After living in Brooklyn for years, Prager (co-author: Poop Culture: How America Is Shaped by Its Grossest National Product, 2007) and his wife took up his company’s offer to move to India for 18 months. Leaving behind their Park Slope brownstone, Prager immediately fell in love with Delhi—at least for a while. “Five months later,” he writes, “I hated it.” The couple would “vacillate back and forth between the two extremes—love India, hate India, love India, hate India”—before finding a balance between the best and worst their new home had to offer. Prager structures the book as a guide for other expatriates, with chapters on food, shopping, workplace culture and transportation (especially Delhi’s traffic, about which Prager seethes).
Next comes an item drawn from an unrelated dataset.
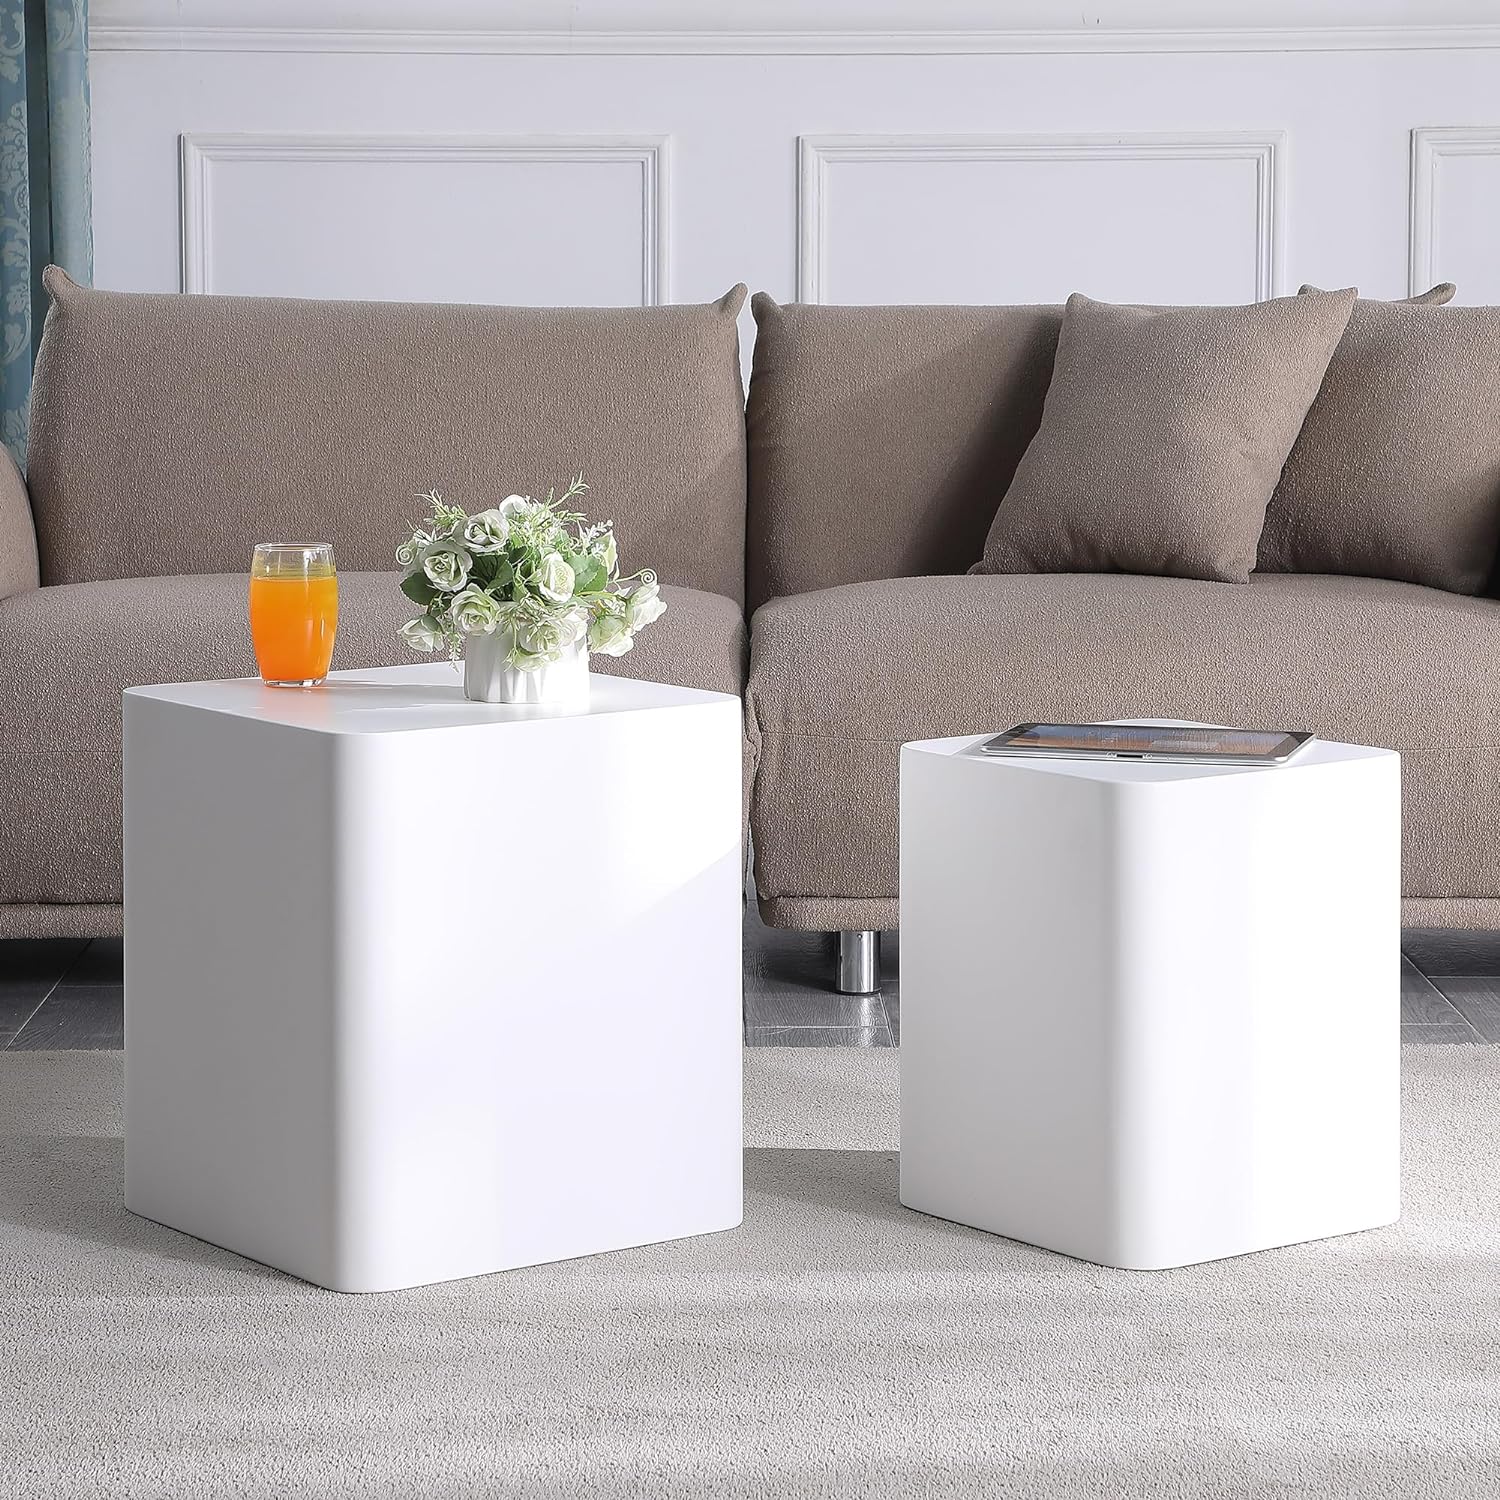 WILLIAMSPACE Nesting Table Set of 2, White Nesting Coffee Tables Wooden Modern Table for Living Room Accent End Side Table, H18.25 (Matte White-Square)

More than just a how-to guide, the book is an appealing memoir, as the author recounts his social blunders and interactions with curious neighbors. There are a few unsatisfactory moments along the way—e.g., his snarky swipes at New Yorkers and living in New York City feel dated and out of place. Prager’s wife never quite comes across as genuine, and readers learn more about her misadventures with India’s health care system than her work for a rural school trying to lift girls out of poverty. Some of the author’s “problems” may occasionally induce eye-rolling for some readers—in one chapter, he details how his need for “periodic respites from…driving past beggars and slums and sidewalk-sleeping laborers” meant taking a room in a five-star hotel so he could indulge in sushi for brunch at “one of the few places [he] trusted the fish.” These flaws aside, Prager is a solid storyteller, and the book is an enjoyable tour through an overwhelming and irresistible city.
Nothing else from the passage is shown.